Compile with math library: gcc -std=c11 -O2 -Wall -lm.
Sources
- https://stackoverflow.com/questions/9850663/comparing-same-float-values-in-c
- https://www.geeksforgeeks.org/c/comparison-float-value-c/
- https://www.reddit.com/r/C_Programming/comments/ql90ji/c_cant-detect_when_floating_point_number_equals/
- https://www.reddit.com/r/cprogramming/comments/1kxptm8/why_does_this-comparison_fail_with_float_in_c_but_work_with_double/
- https://how-to.fandom.com/wiki/Howto_compare_floating_point_numbers_in_the_C_programming_language
- https://floating-point-gui.de/errors/comparison/
- https://stackoverflow.com/questions/4915462/how-should-i-do-floating-point-comparison
- https://www.thebookofc.com/floating-point/comparing-floats-using-epsilon/
- https://www.reddit.com/r/cpp_questions/comments/1ap668e/float_comparison/
- https://softwareengineering.stackexchange.com/questions/323668/choosing-an-epsilon-when-comparing-floating-point-numbers-across-different-syste
- https://sites.google.com/a/phys.buruniv.ac.in/numerical/laboratory/example-codes/ordinary-differential-equations-in-gsl
- https://sites.google.com/a/phys.buruniv.ac.in/numerical/laboratory/example-codes/systems-of-linear-equations-in-gsl
- https://www.gnu.org/software/gsl/doc/html/ode-initval.html
- https://www.gnu.org/software/gsl/doc/html/poly.html
- https://stackoverflow.com/questions/40949616/gsl-gnu-solving-first-order-ordinary-differential-equation
Conclusion
The == operator tests exact stored binary equality in C, so decimal steps like 0.1 will rarely compare equal because 0.1 isn’t stored exactly.
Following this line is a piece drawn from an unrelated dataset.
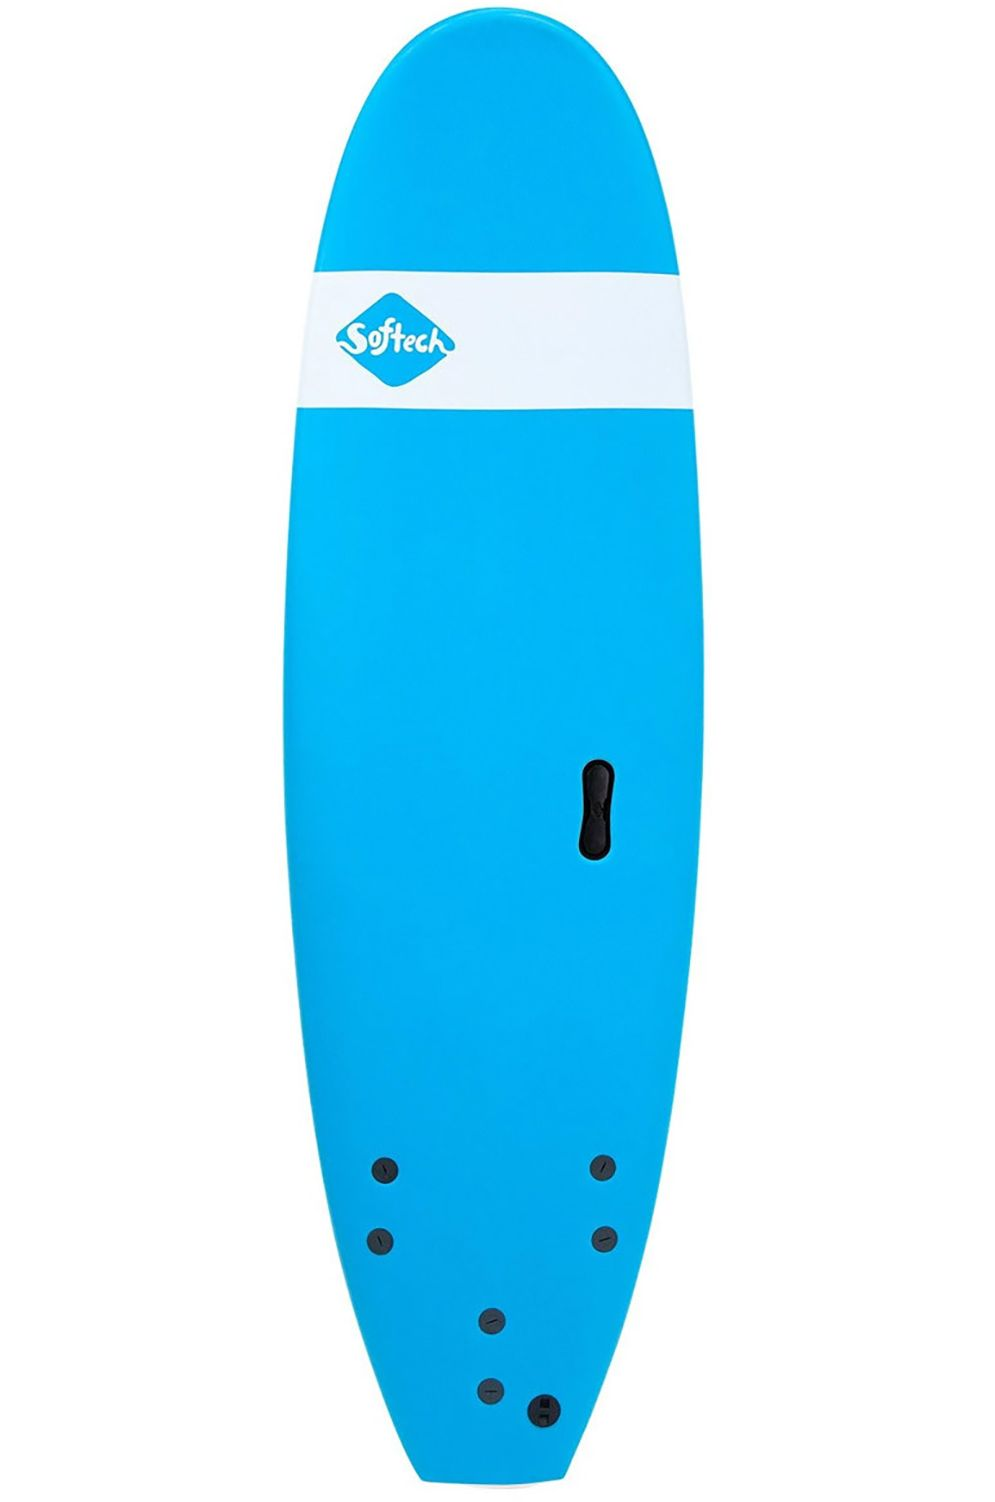 Prancha Surf Softech 9'0 ROLLER BLUE Square Tail - Color FCS 9ft0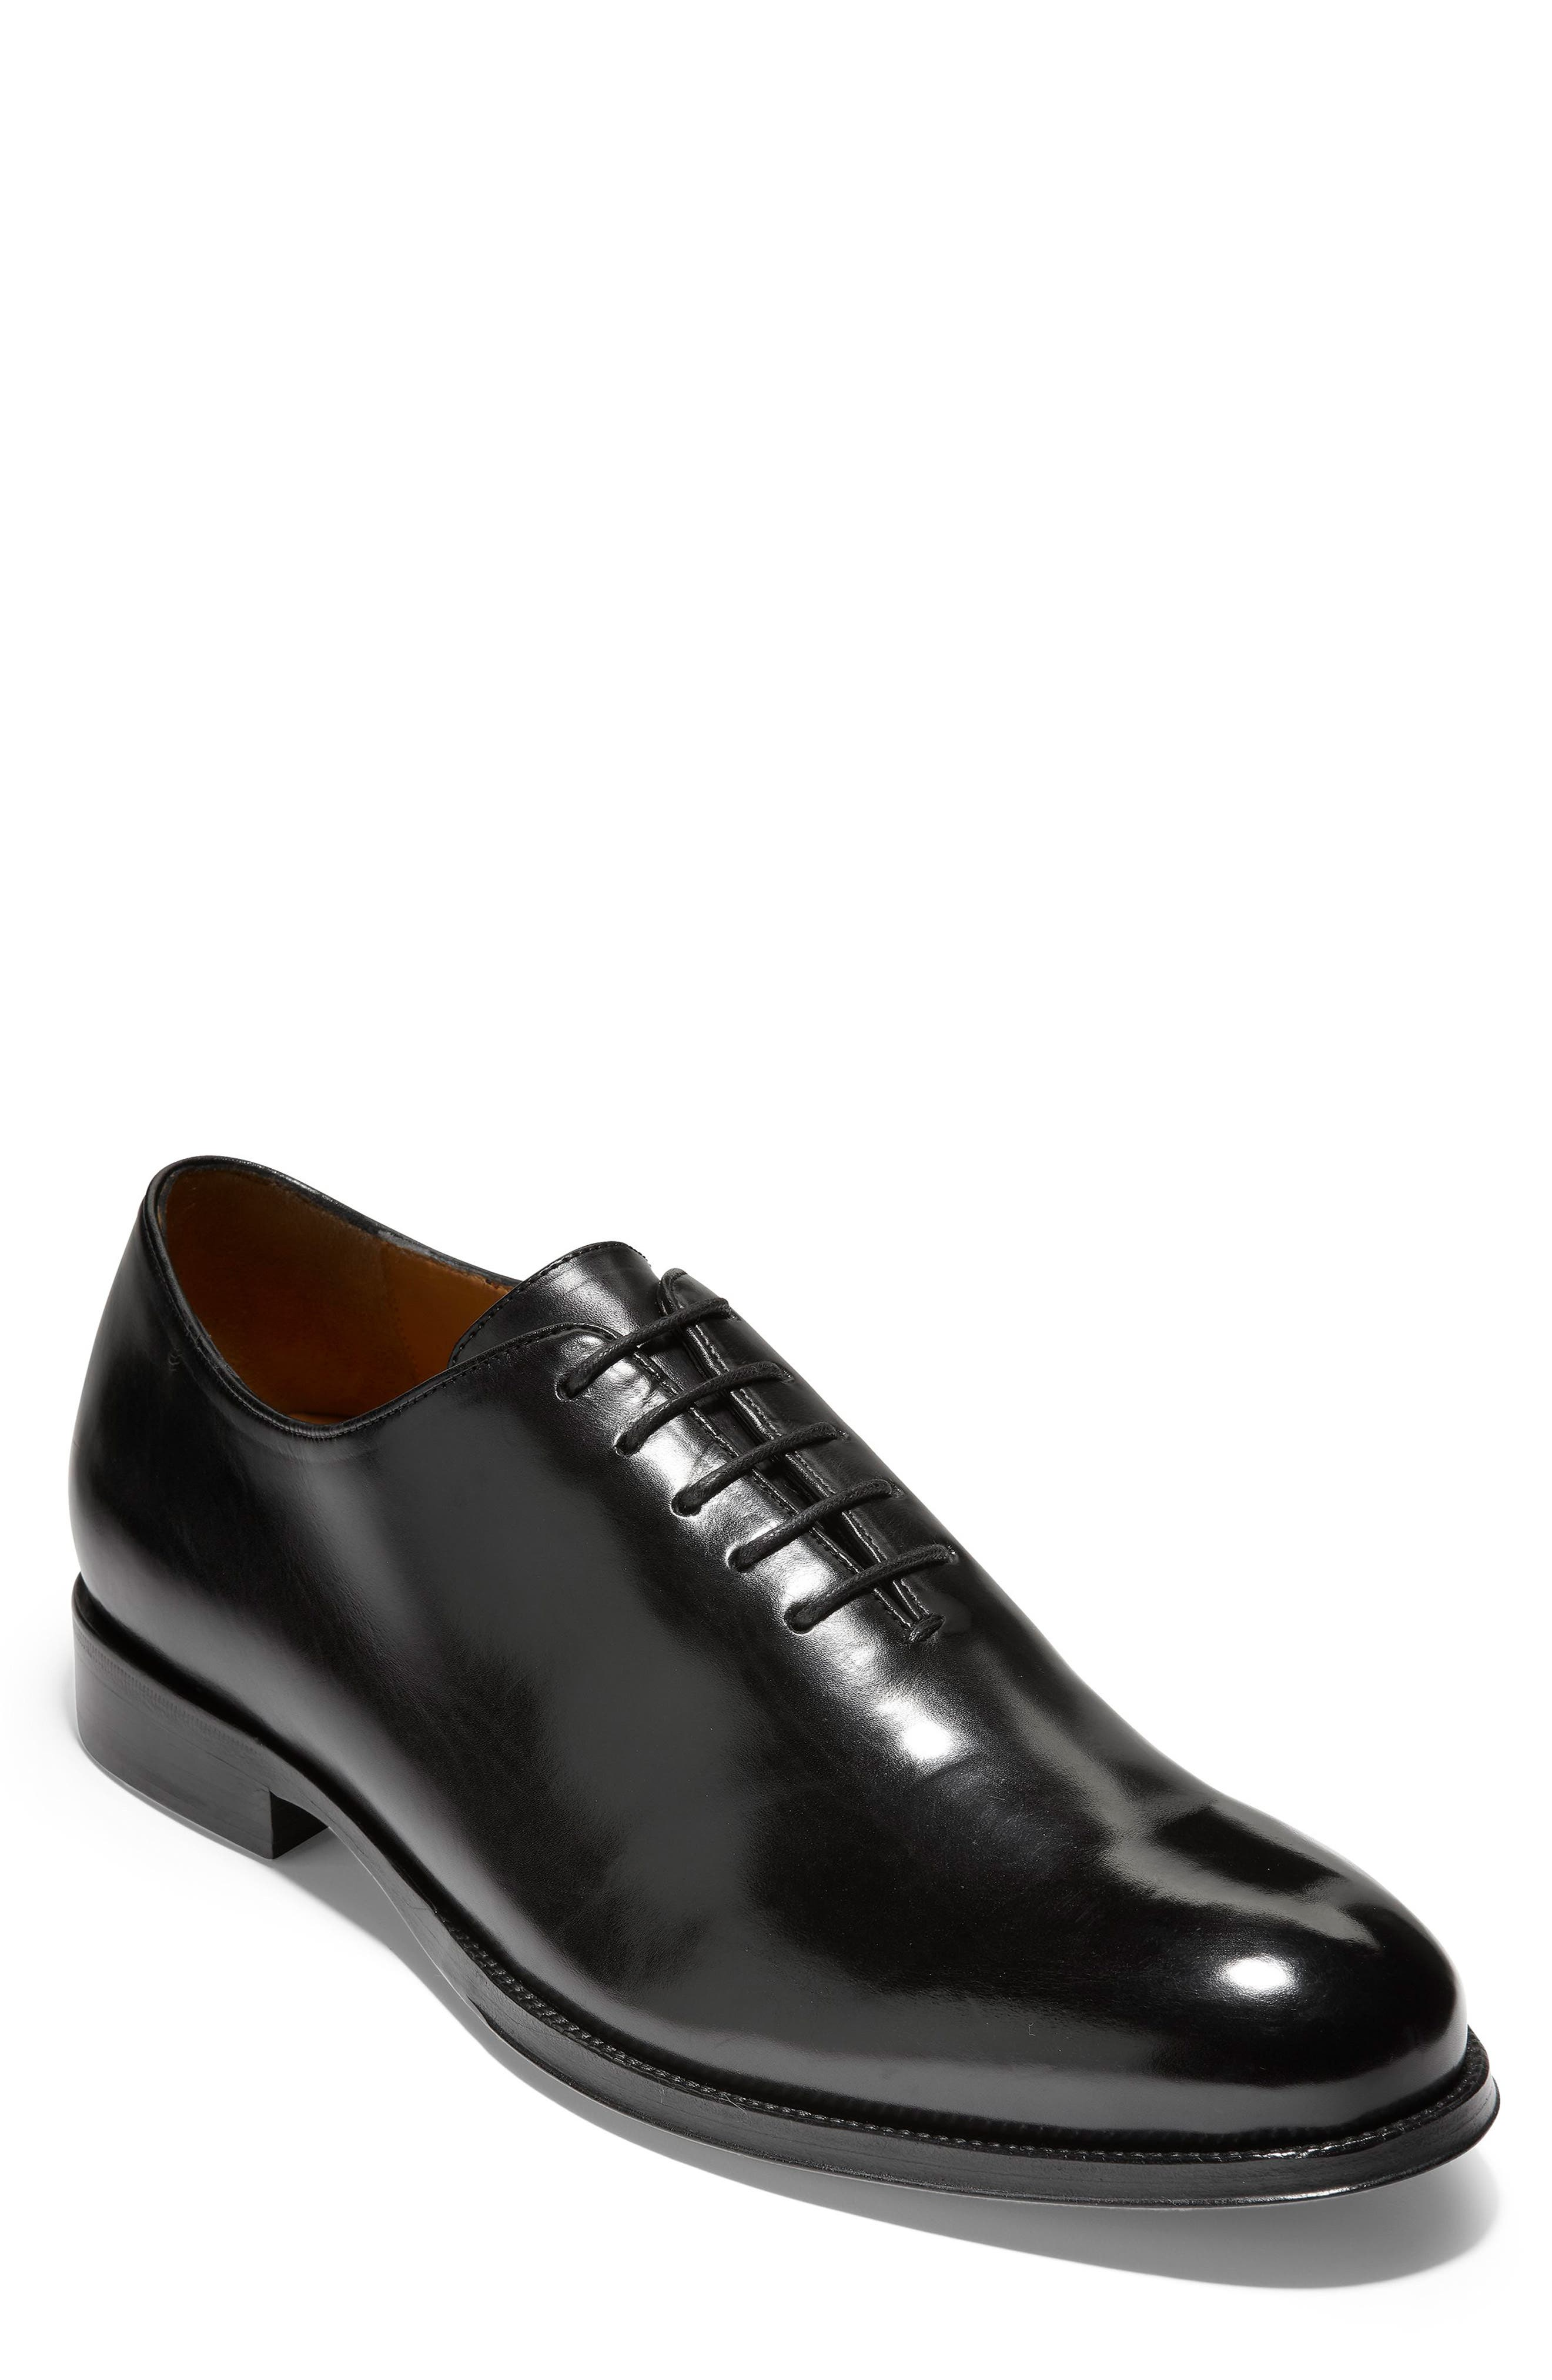 American Classics Gramercy Whole Cut Shoe, Main, color, BLACK LEATHER

Use an epsilon-based test, rounding to tenths, or — best for discrete tenths — integer/fixed‑point scaling to compare reliably; and avoid float loop counters (use integer counters or compute K7 analytically). For robust numerical work or nonlinear systems, move to double precision and consider numeric libraries such as GSL.